Quote from the very first sentence under in the very first paragraph under causes before anything of light is mentioned on the entire subject in that article. 

"Nutrients encourage the growth of blue–green algae. The process of nutrient enrichment in a waterway is called eutrophication. The main nutrients contributing to eutrophication are *phosphorus *and nitrogen." 

I'm not arguing with you just trying for you to see the correct factual direction/light as well. If you can try to prove your facts to me then surely I'm allowed to rebulte and provide links and documention proving you are incorrect no ?


----------



## Complexity (Jan 30, 2008)

Retroactive said:


> http://www.water.nsw.gov.au/Water-Management/Water-quality/Algal-information/What-causes-algal-blooms/What-causes-algal-blooms/default.aspx


Very interesting link. It offers a number of elements that encourage and discourage the growth of BGA:

Encourage:

Nutrients – phosphorus and nitrogen are the main nutrients in run-off areas, especially in low oxygen situations. However, BGA is known to also occur in low nutrient conditions as well.
Warmer temperatures — 25°C (77°F) is optimal, giving BGA a competitive edge over other algae.
Light – intermittent exposure to high light intensities is optimal. BGA can adapt to a variety of light conditions.
Flow – BGA prefers low flow and minimal disturbance.
Discourage:

Cooler temperatures.
Light – long periods of high light intensity diminish BGA populations.
Turbidity left out because it seemed to not be a direct factor, but an indirect one that created other factors that encouraged or discouraged BGA growth (such as low turbidity allowed more light to shine through).

It would also seem reasonable that the opposite of anything that encourages BGA growth would discourage it and visa versa. For example, if low flow encourages BGA growth, then high flow should discourage it.

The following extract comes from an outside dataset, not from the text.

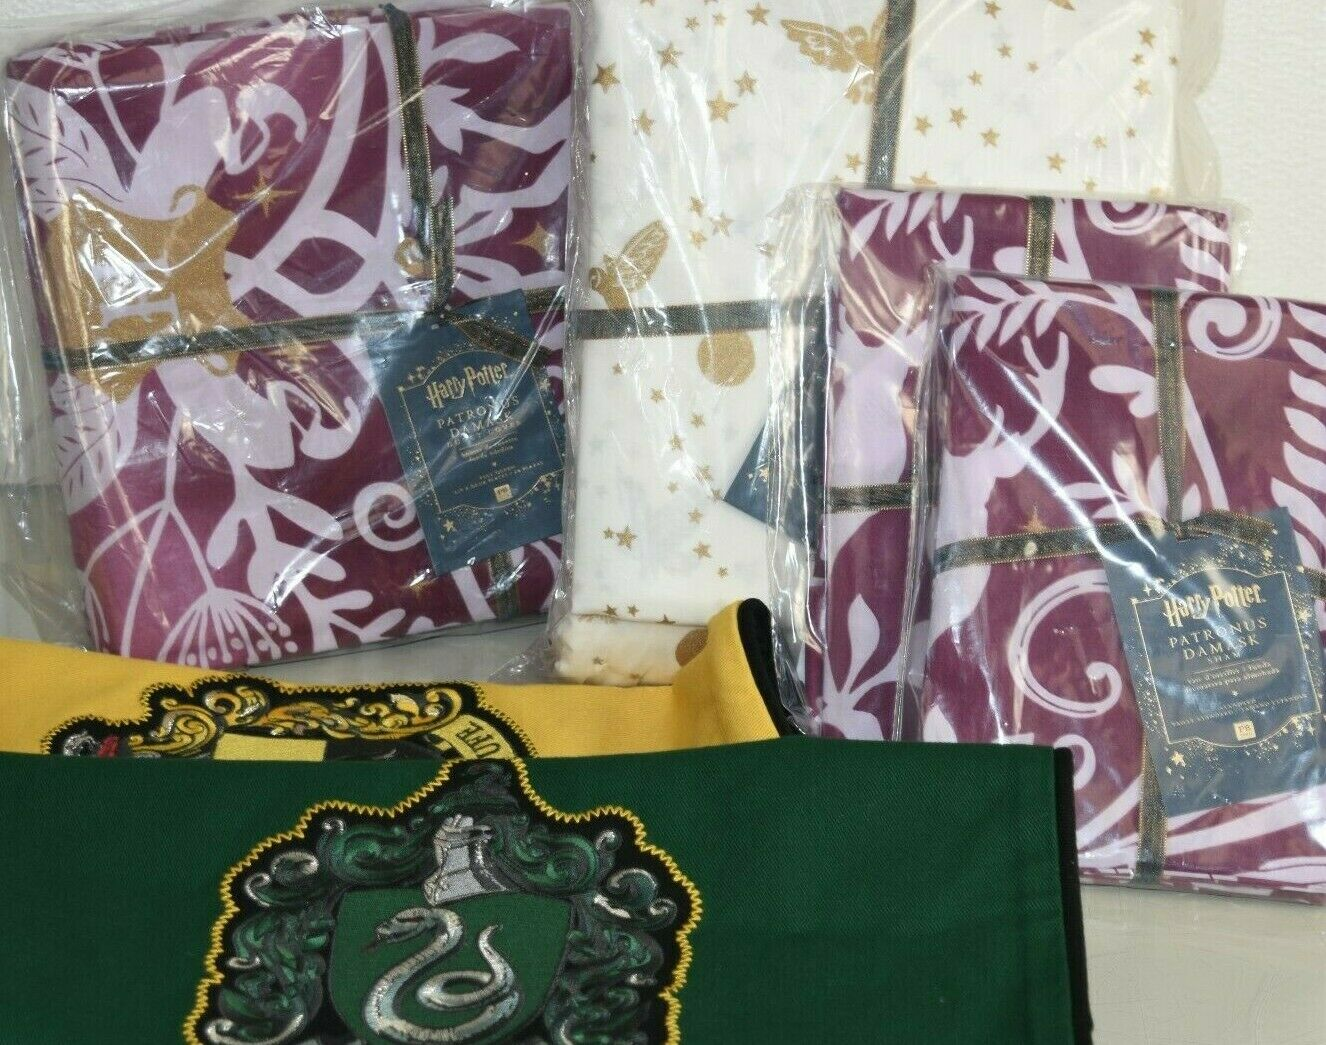 Nouveau POTTERY BARN Teen 9 pieces set harry potter Couette Sham Sheets Pillow Cover Queen

What I find interesting in this list is the complete lack of discussion regarding oxygen rates in the water (except the small mention of low oxygen as a cause for nutrient release). I remember running across an article discussing the role of low oxygen in BGA which is why anything that helps to oxygenate the water also helps get rid of BGA. I remember finding this when researching whether H2O2 would kill BGA (it does). Unfortunately, it doesn't look like I bookmarked the link so I'll have to search for it.

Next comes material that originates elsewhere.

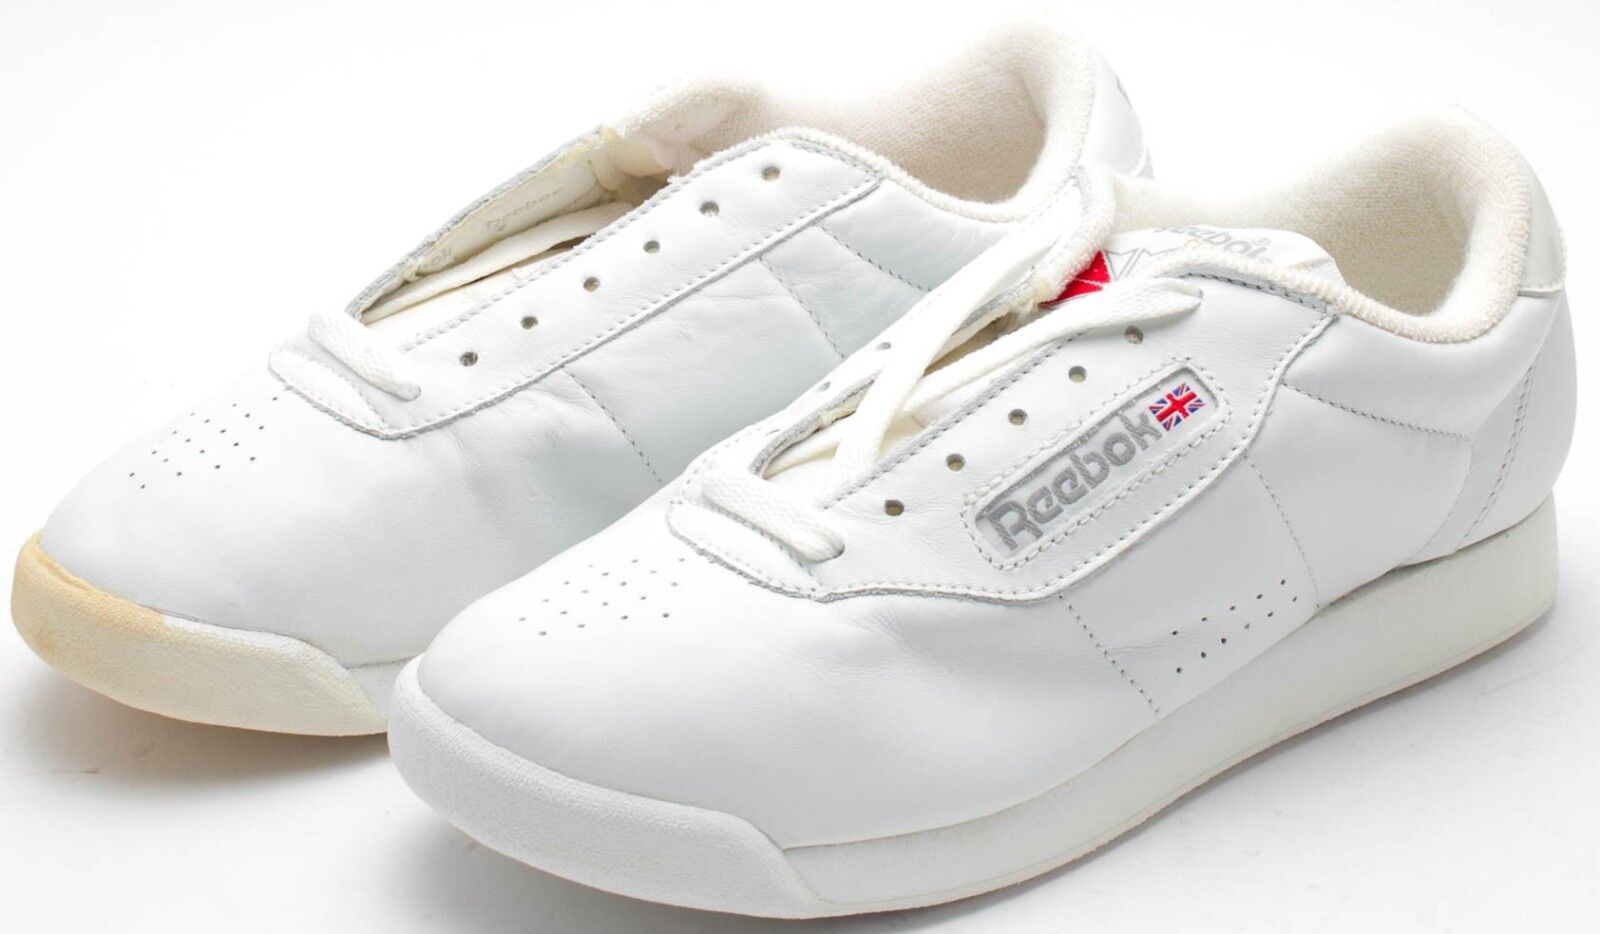 Reebok Damen Vintage 5055cms OG Prinzessin Schuhe weiß 2-1475 Größe 6 6 Größe Verfärbung deda22

Nevertheless, the point is that there is no single cause for BGA. As with all algae (yes, I know BGA is not an algae), there are multiple causes, and multiple conditions are usually present when something like this takes over our tanks.

We attempt to simplify these complex events because we're not looking to study these events in their entirety, but to find a simple solution to rid them from our tanks. Therefore, we find ourselves oversimplifying the entire subject.

"BGA is caused by X."

"No, BGA is caused by Y."

The truth is *BOTH* statements have validity because they are both _parts_ of the _whole_.


----------



## jgb77 (Dec 13, 2006)

The problem I have with the article is it doesn't have any mention of one thing we have in our tanks....plants
What changes when many plants are involved in the equation?
Wouldn't that seem like a pretty big deal?
John


----------



## Aquaticfan (Oct 30, 2011)

jgb77 said:


> The problem I have with the article is it doesn't have any mention of one thing we have in our tanks....plants
> What changes when many plants are involved in the equation?
> Wouldn't that seem like a pretty big deal?
> John



This.......


The issue with the link provided dosnt discuss what the situation is in our enviroment. A controled planted tank is a different.

One of the people Id love to hear from on this topic Is Tom Barr...


----------



## Complexity (Jan 30, 2008)

jgb77 said:


> The problem I have with the article is it doesn't have any mention of one thing we have in our tanks....plants
> What changes when many plants are involved in the equation?
> Wouldn't that seem like a pretty big deal?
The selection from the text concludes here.